This tense sociopolitical environment has had an inevitable negative impact on how Muslims reconcile their religious identity with their place of birth or residence, as well as the mindset in which they attempt to understand their history, especially that of the Caliphate.
The Caliphate, or Khilāfah in Arabic, derives from the Arabic word khalaf, which means “successor”. Prophet Muhammad (sall Allāhu ʿalayhi wa sallam) being the final prophet of Allāh stated that the position of authority of the Muslim nation (Ummah) would be granted to Caliphs, as mentioned in the following ḥadīth:
“The children of Israel used to have their political affairs ruled by prophets. Whenever a prophet died another would succeed him. But there will be no prophet after me, instead there will be caliphs and they will number many.” The Companions asked, “What then do you order us?” Muhammad (sall Allāhu ʿalayhi wa sallam) said, “Fulfil allegiance to them one after the other. Give them their dues. Verily, Allāh will ask them about what He entrusted them with.”

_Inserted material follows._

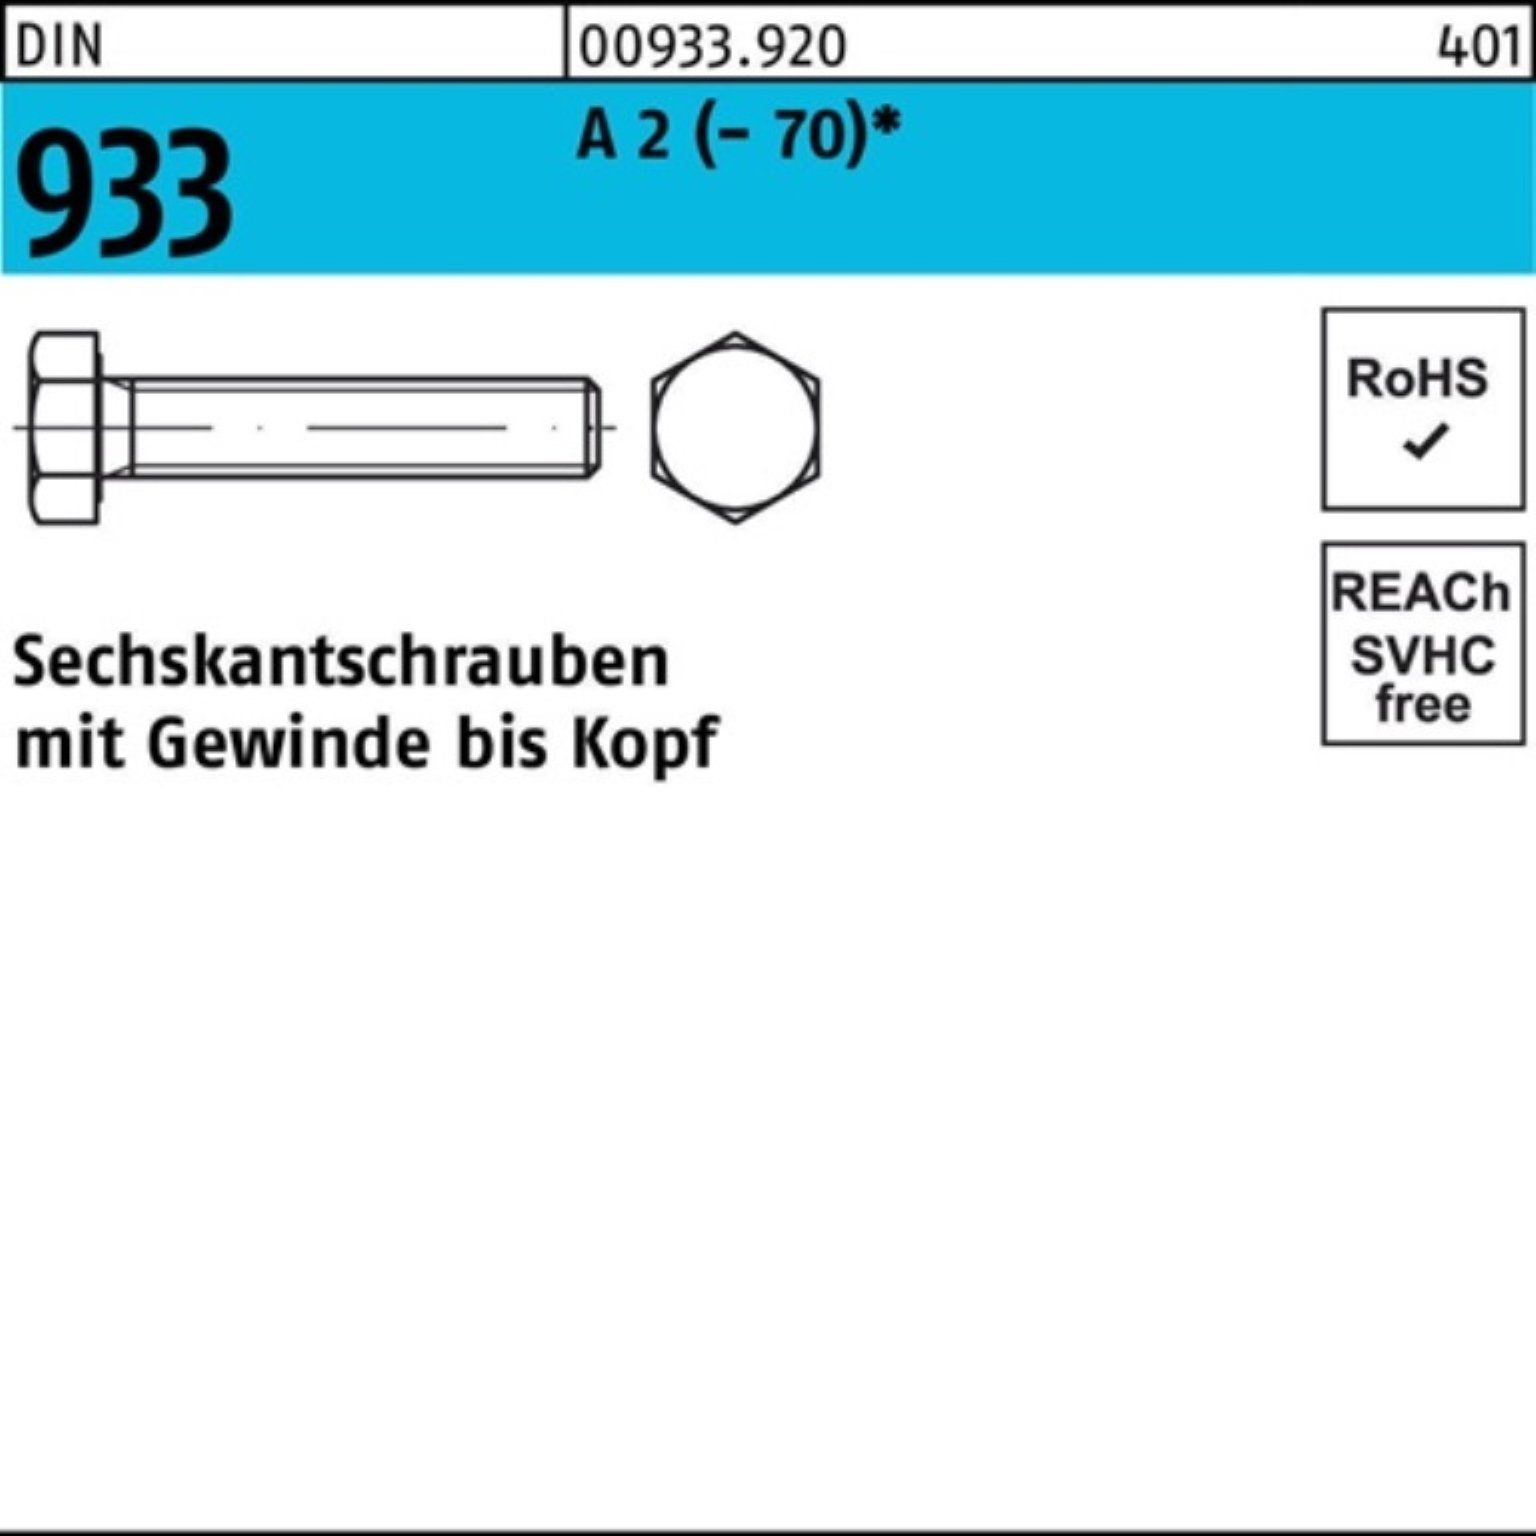 VG Sechskantschraube 933 (70) 2 200 A Sechskantschraube 100er D DIN Stück M24x 1 Pack Reyher

In short, the role of the Caliph was to act as Allāh’s vicegerent on earth, by ruling with the Divine law (Shariah) in totality, establishing prayer, collecting obligatory alms (zakāt), and conveying the message of Islām to the world. Naturally, these responsibilities became increasingly difficult and politicised from an administrative perspective as the Caliphate quickly expanded into large swathes of North Africa, Asia and the Mediterranean under the Rāshidūn and Umayyad Caliphates.
Whilst there were clear examples of rebellions, power struggles and usurpation of authority within the history of the Caliphate, prominent non-Muslim commentators have noted that it was never at the scale of the constant wars and instability that ravaged medieval Christian Europe. For all its shortcomings, Muslim theologians and historians have noted that there was always some degree of striving towards Islamic orthodoxy or legitimacy via the key role played by Muslim scholars and judges in the day-to-day running of the Caliphate, albeit historical instances of misapplication of Shariah laws, principles and ethics.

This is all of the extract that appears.